Embora a trama da série em análise se centre no desaparecimento do jovem Pedro e seja baseado em factos verídicos (caso do desaparecimento de Rui Pedro em Lousada há 24 anos e um dos casos por resolver mais misteriosos de desaparecimento de menores), o destaque vai todo para a progressiva "morte" de uma mãe, Isabel (Ana Moreira). A série "Sombra" realizada por Bruno Gascon e disponível na plataforma RTP Play apresenta-nos quatro episódios, dos quais vimos apenas um e carimbamos com selo de "superioridade" desde já. É simples, não só na mise-en-scène, mas na prestação de Ana Moreira - a roubar por completo os holofotes debaixo da sombra que atravessa e se materializa numa atmosfera de desespero contido, nada histérico, mas suave (como se fosse possível converter tal sentimento em algo de tal envergadura - o que nos leva tão somente para o papel da arte como almofada e a uma ténue fronteira entre a realidade e a ficção).
A penumbra é calcificada através de uma fotografia que nos hipnotiza e atordoa através dos silêncios e da ausência de um filho. Veja-se também a face de Ana Moreira ao longo de todo o episódio: existem olhos maquilhados a negro e lábios escarlate "coagulado" que, malogrados vatícinios se traduzirão provavelmente em beijos de sangue provocados por uma saudade de morte de um filho sem corpo e em "vida".
Tudo se processa em modo "flashback" e o trabalho de iluminação é foco central para que sirva de metáfora a uma perda que ainda parece pouco consciente, empedrada em defesas psicológicas e medos não traduzidos em palavras, mas na ausência da presença fantasmagórica de uma criança inocente. O verdadeiro terror, atroz, mas temperado com a candura e a pureza da arte para que o espectador abrace uma mãe despedaçada.

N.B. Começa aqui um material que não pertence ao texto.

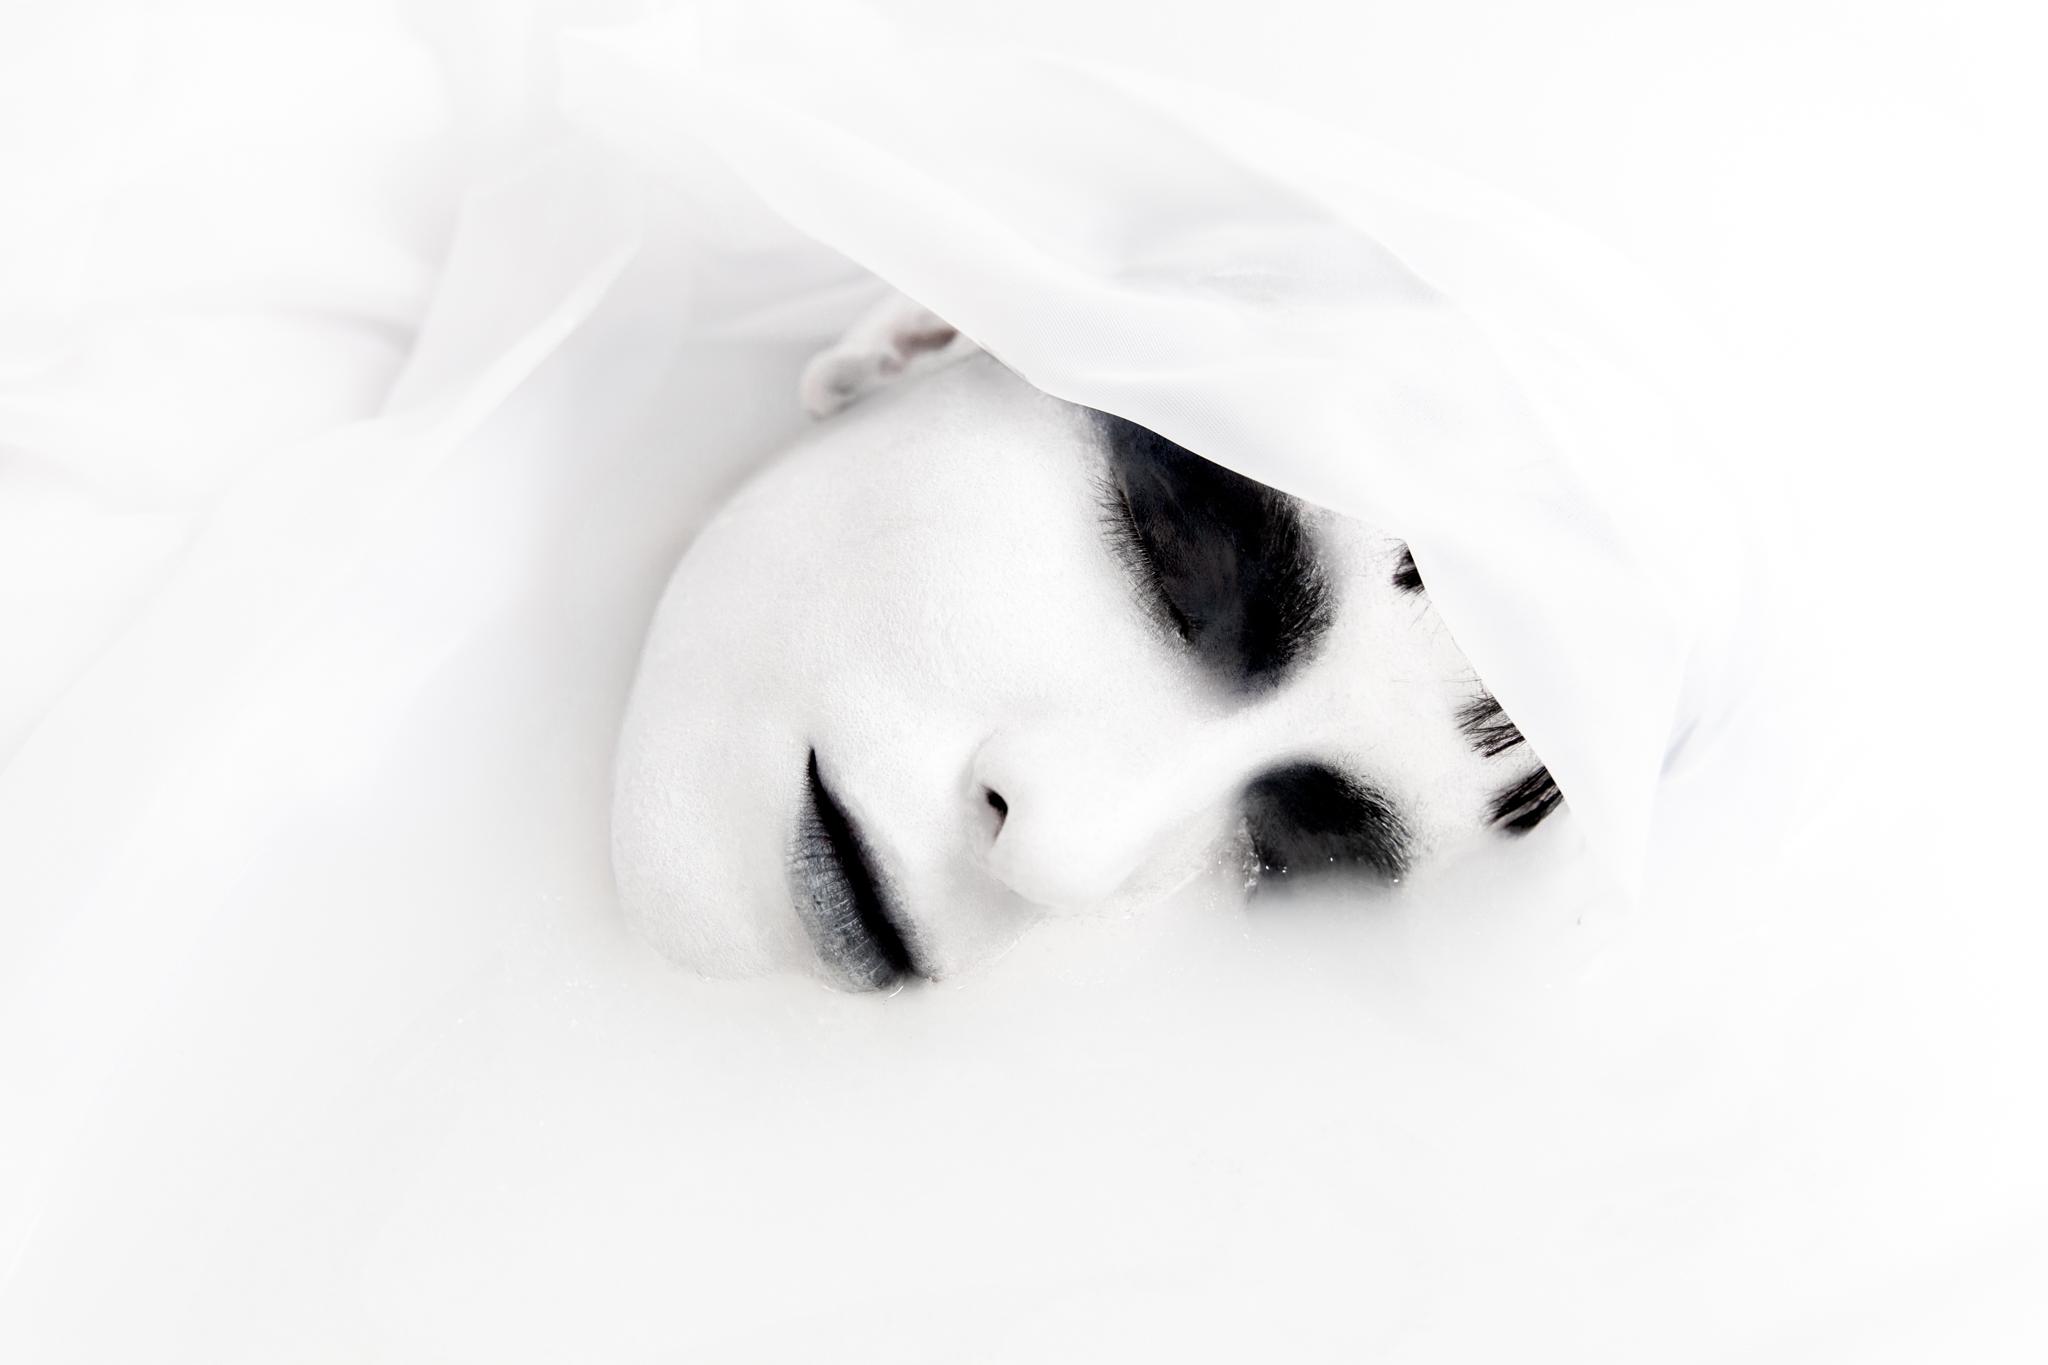 whomstudio_lisa-martin_milk-ghost_0027_2048.jpg

Muito se passa no espaço entre os binómios "delegar ou desconfiar"/ "negligência ou paranóia", particularmente no que toca na relação da mãe com a Polícia Judiciária - "eles não estão a fazer nada".
"Sombra" parece-nos um hino ao amor verdadeiro e incondicional - impenetrável, mesmo pela dor mais acutilante, ao contrário dos maus-tratos e desamor a que muitas crianças e jovens são sujeitas e a que, paradoxalmente, Pedro poderá ter sido já sujeito no cenário de rapto.

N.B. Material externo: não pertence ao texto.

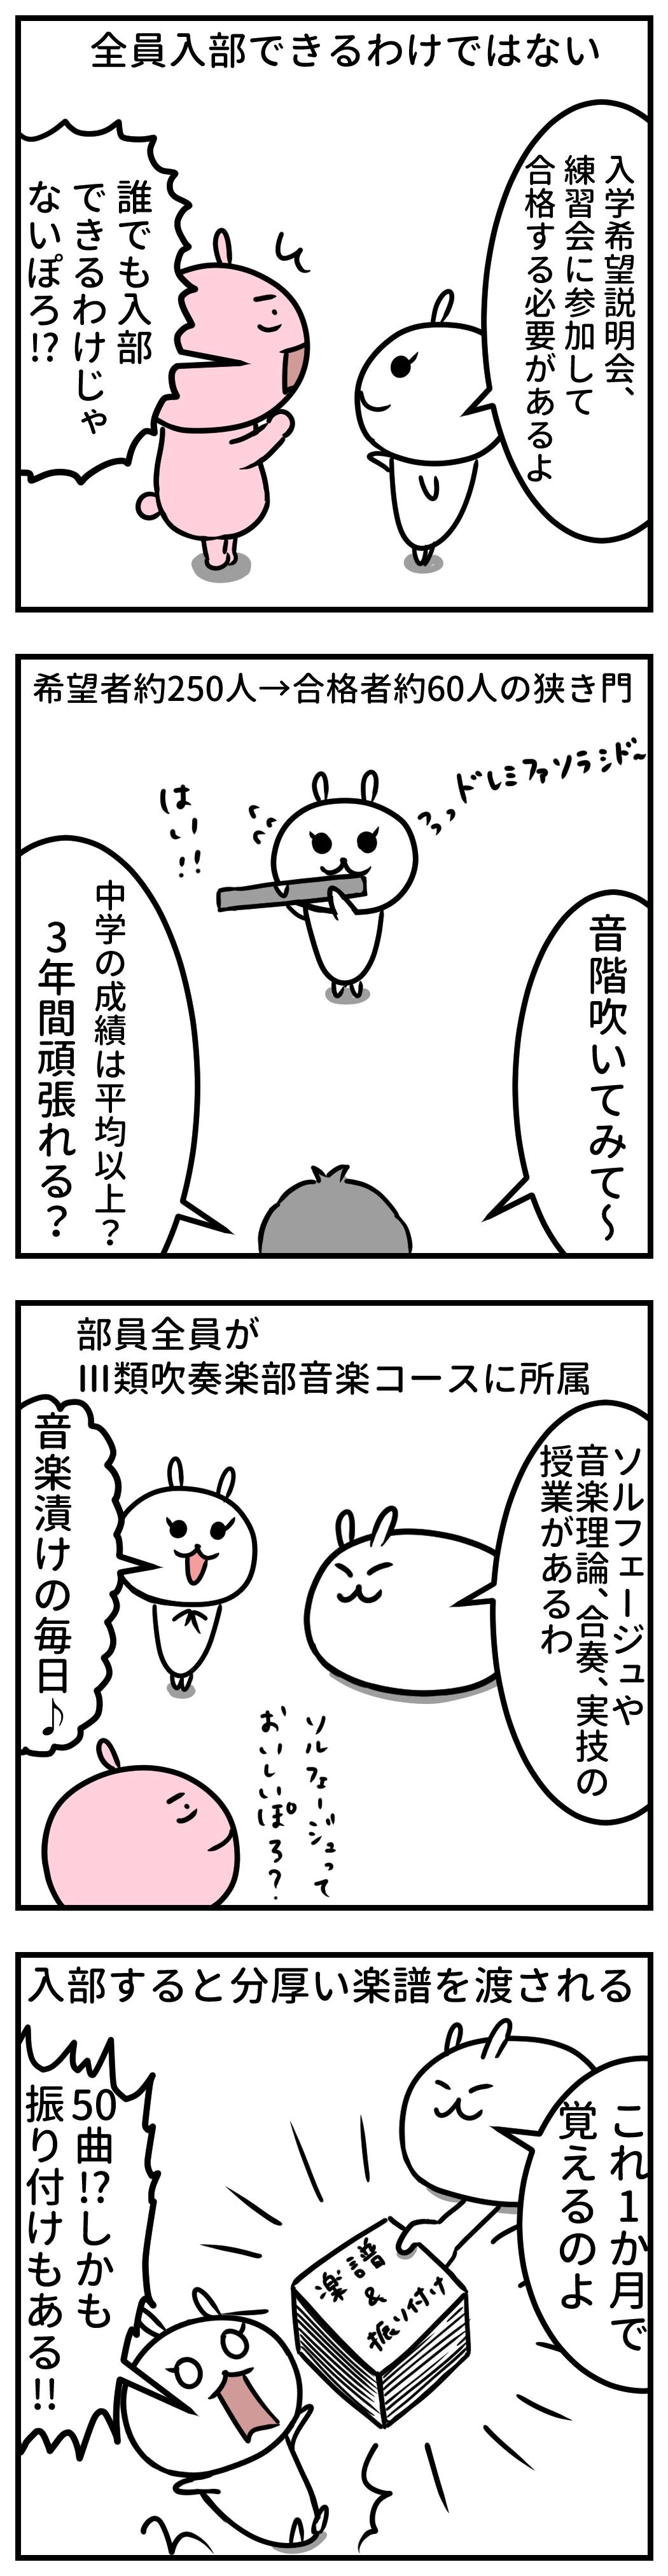 大阪桐蔭高校 イラスト 吹奏楽部 入部条件

Existe, portanto, uma bolha de dor e sofrimento a que muitos parecem estar alheios - com excepção dada à figura da prostituta que parece "querer ajudar", mas que a PJ (prestação de assinalar de João Cabral) não releva e que deixa a pairar uma citação curiosa: "Sou puta, mas não sou mentirosa!".
A cena da chuva com que toda a equipa nos presenteia é absolutamente impressionante: uma mãe sozinha, apenas dedicada à esperança, como se fosse possível acreditar em Deus e ser ateia em simultâneo numa guerra psicológica sem precedentes.
Ana Moreira venceu o Prémio Sophia para Melhor Actriz 2022. Inesquecível.